• THE PROBLEM
Would you copy exactly the lines in the data below from the one that has "Easter Softstyle Bunny" through the one that has "Get the Baby", dropping any pictures?

• EXTRACTED DATA
┄┄┄┄┄┄┄┄┄┄
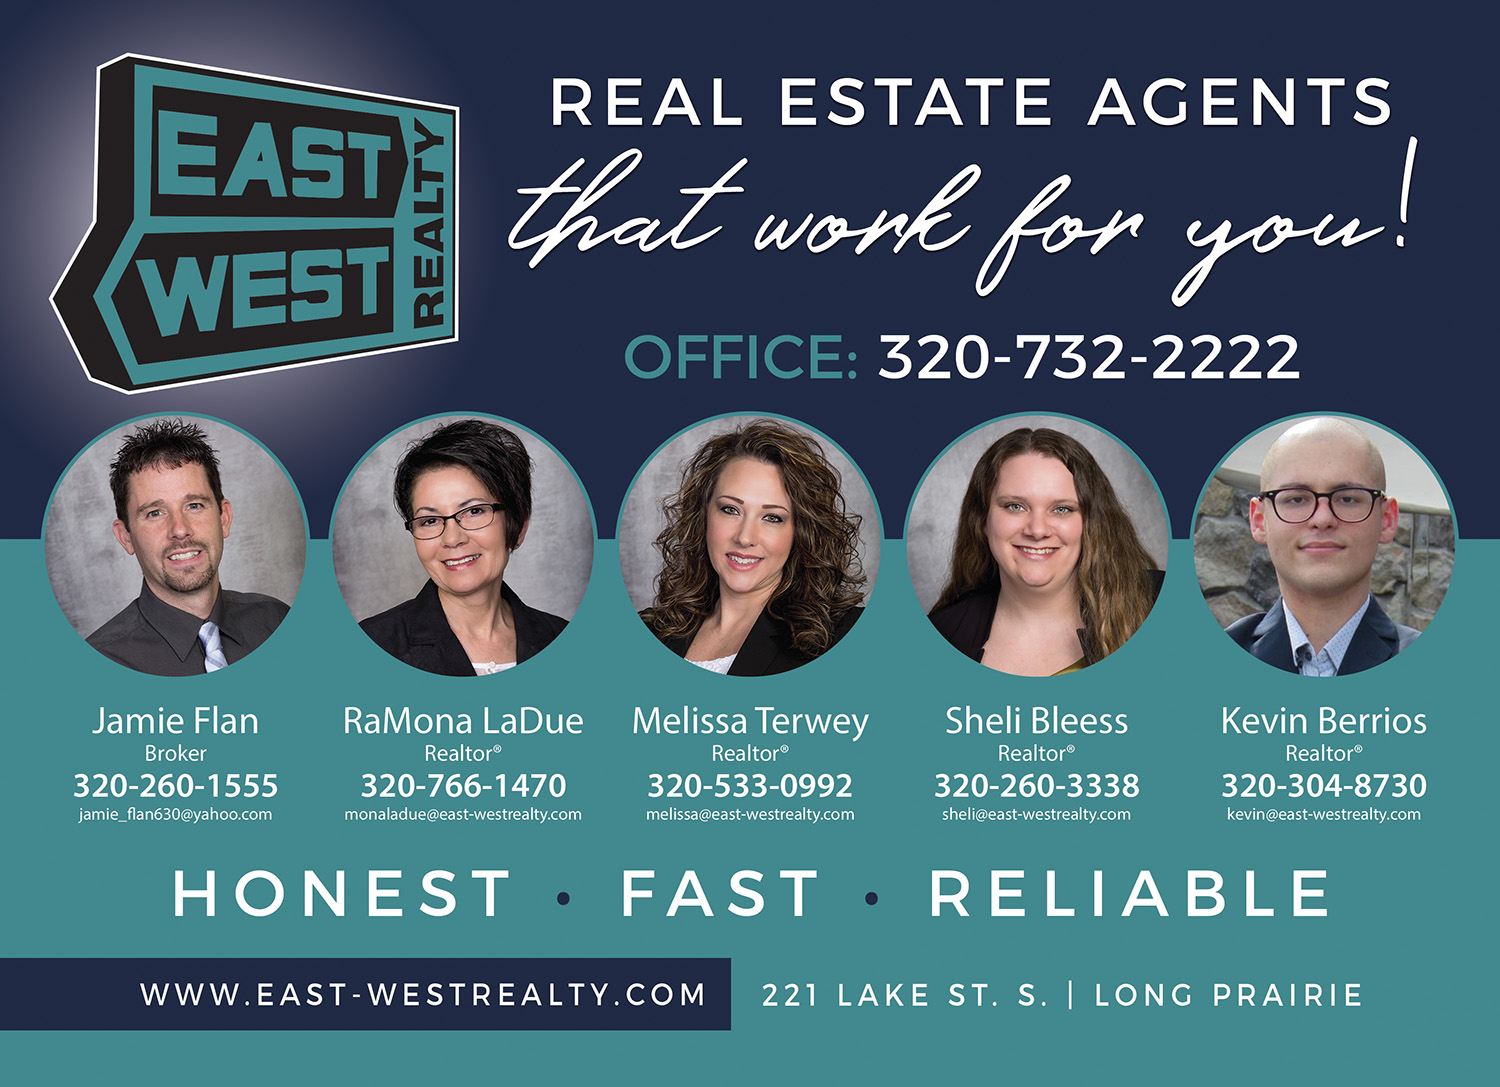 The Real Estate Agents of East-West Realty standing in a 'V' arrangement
┄┄┄┄┄┄┄┄┄┄
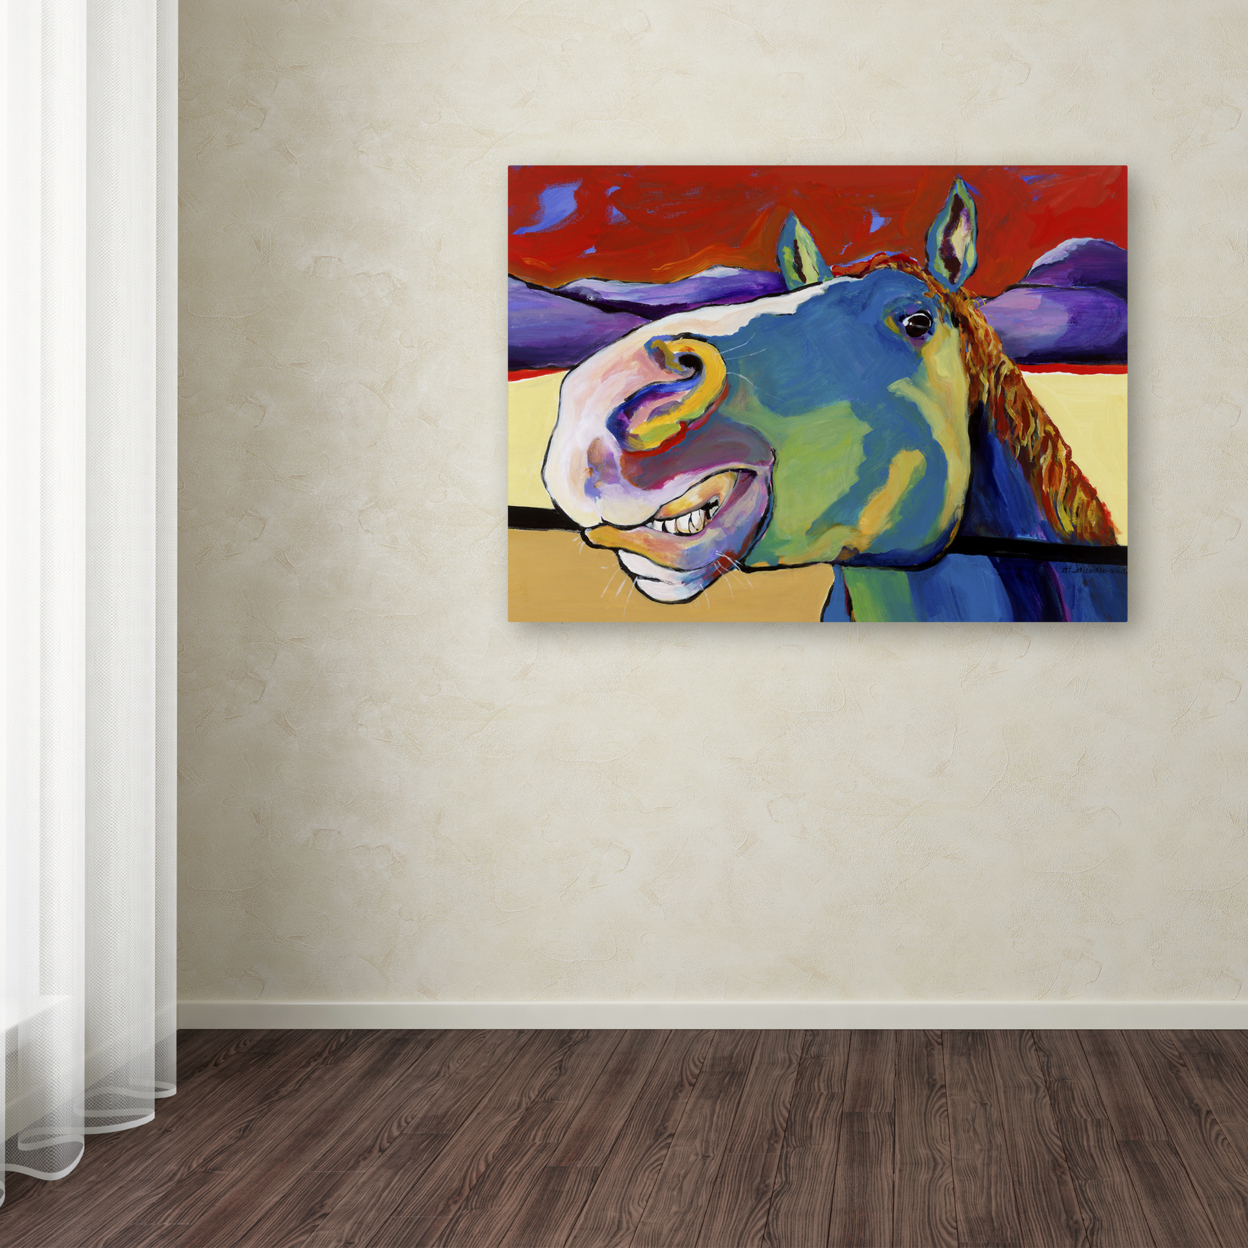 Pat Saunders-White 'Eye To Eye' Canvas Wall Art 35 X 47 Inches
┄┄┄┄┄┄┄┄┄┄
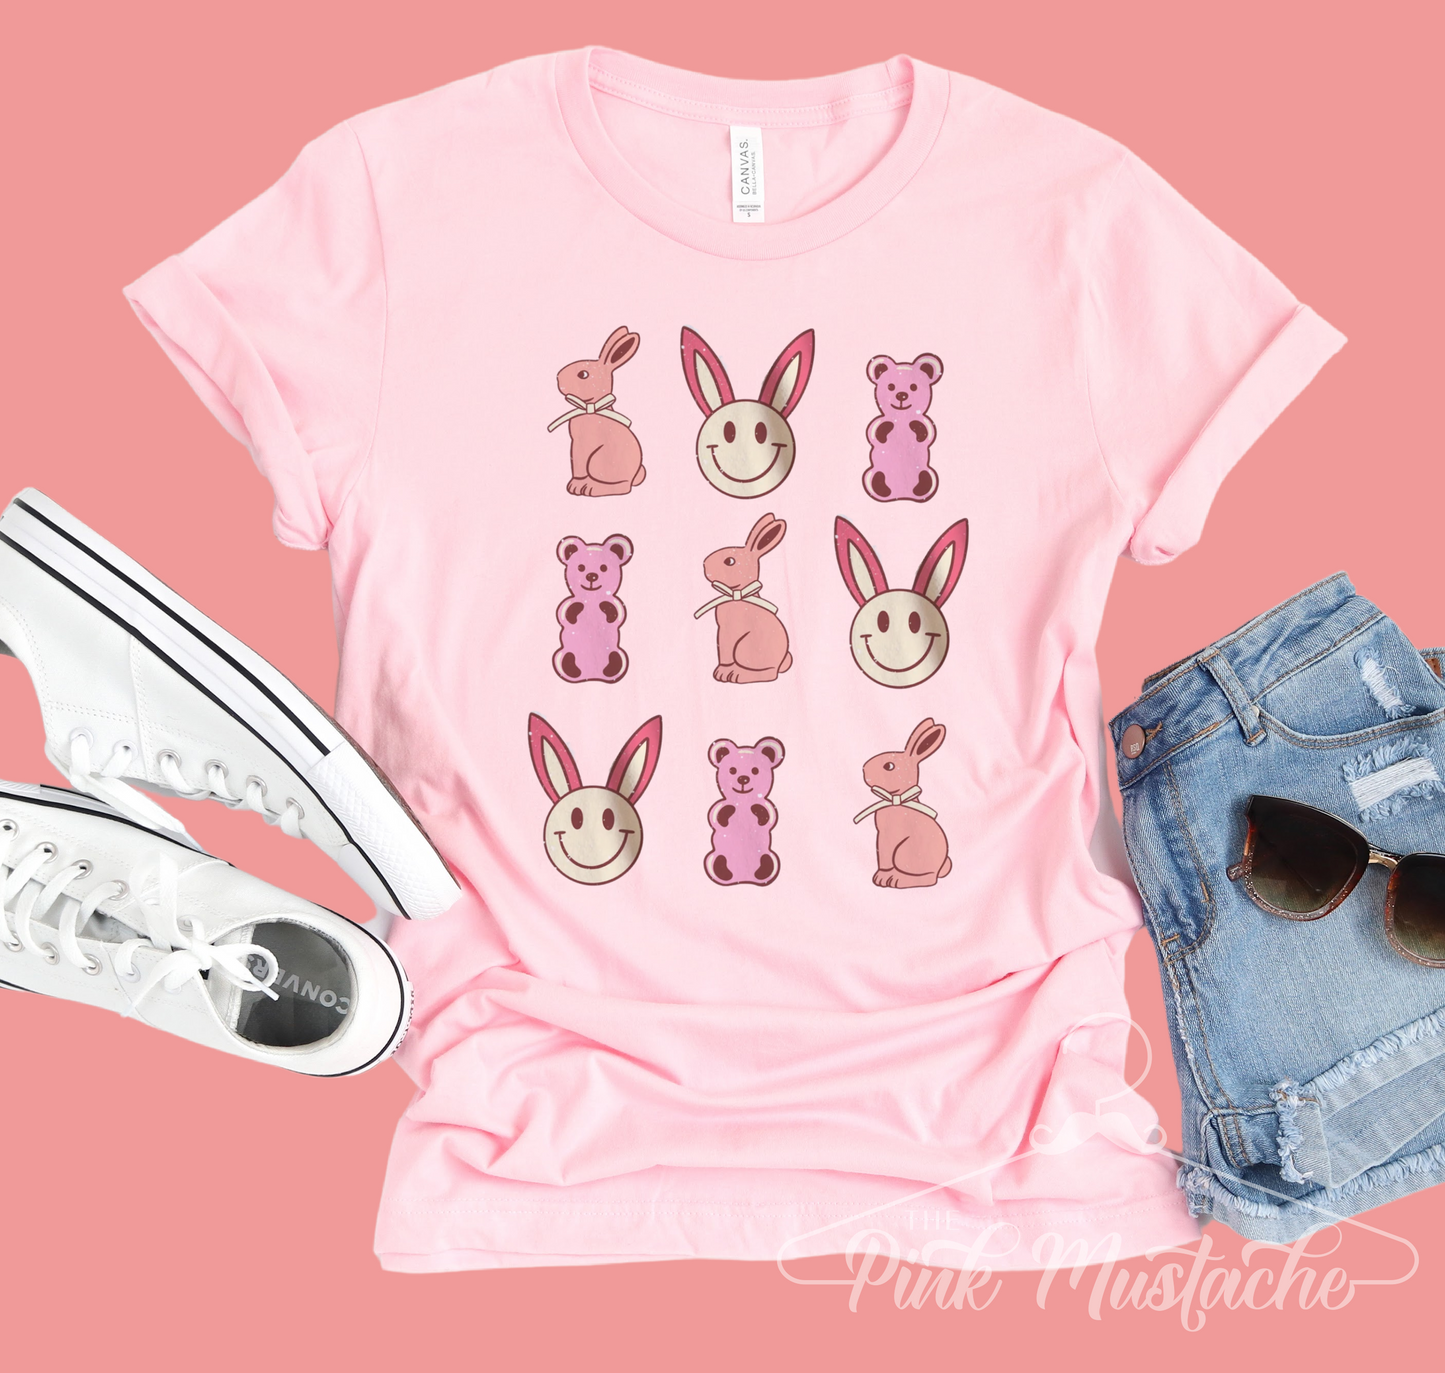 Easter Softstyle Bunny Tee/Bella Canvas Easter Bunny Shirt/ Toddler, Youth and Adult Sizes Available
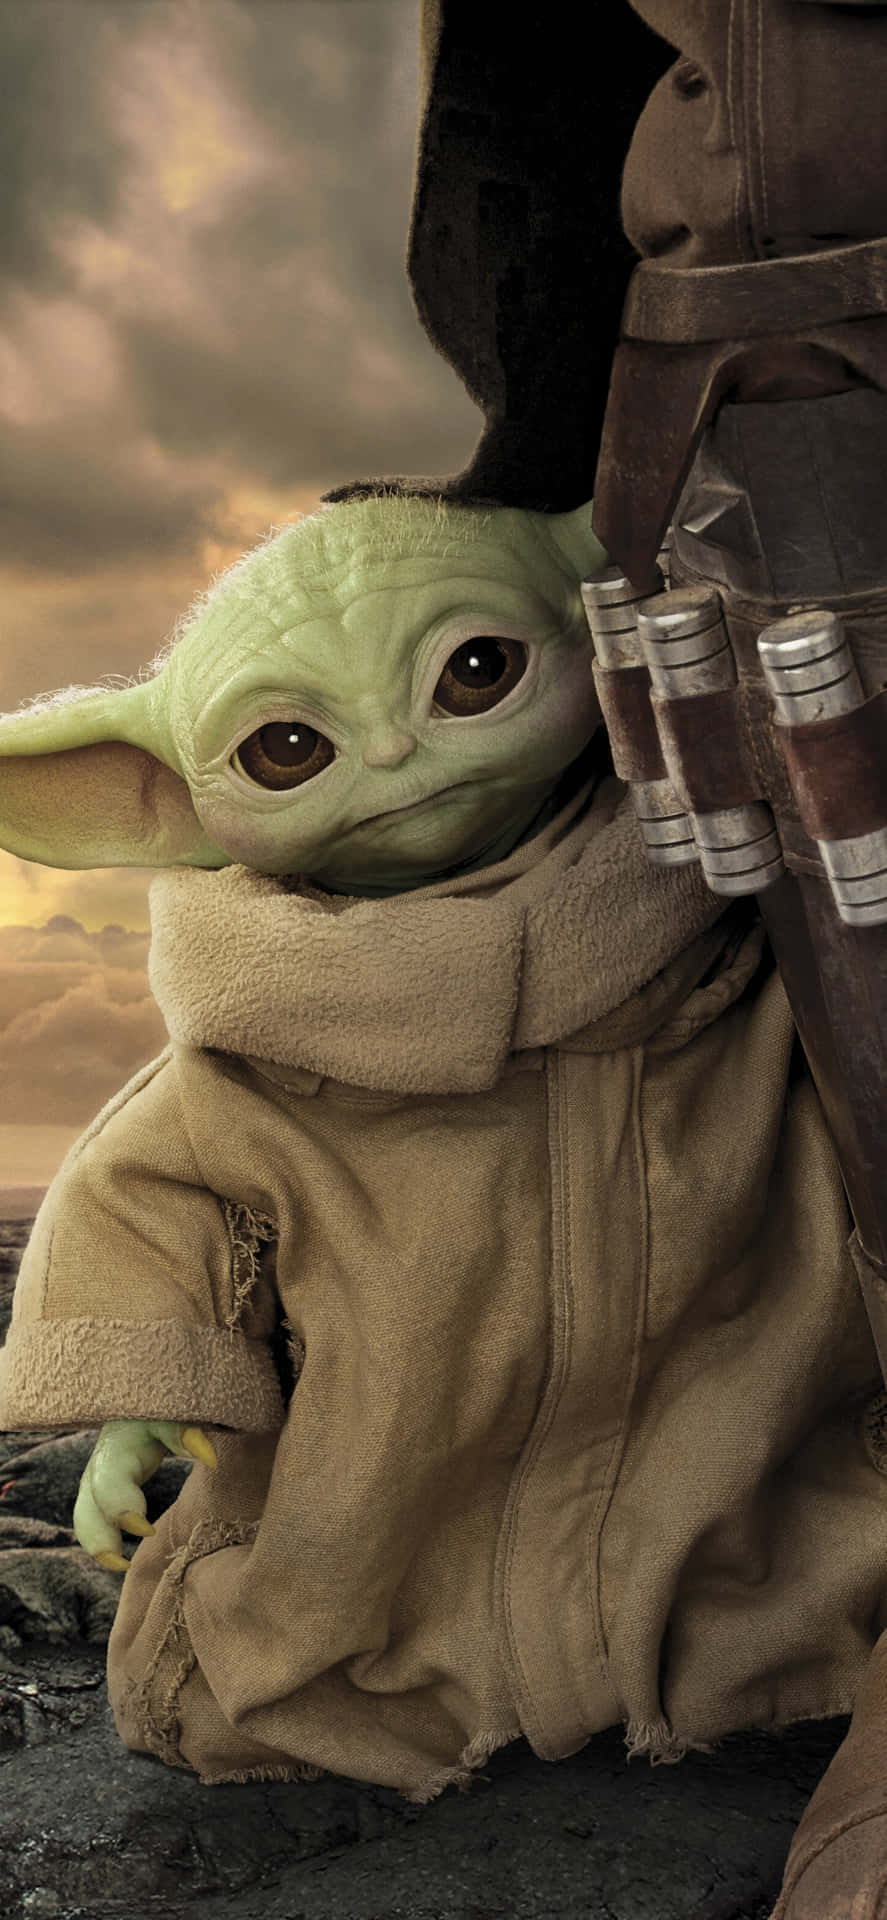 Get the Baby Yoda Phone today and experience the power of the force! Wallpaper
┄┄┄┄┄┄┄┄┄┄
• OUTPUT FOR THIS TASK
 Easter Softstyle Bunny Tee/Bella Canvas Easter Bunny Shirt/ Toddler, Youth and Adult Sizes Available
 Get the Baby Yoda Phone today and experience the power of the force! Wallpaper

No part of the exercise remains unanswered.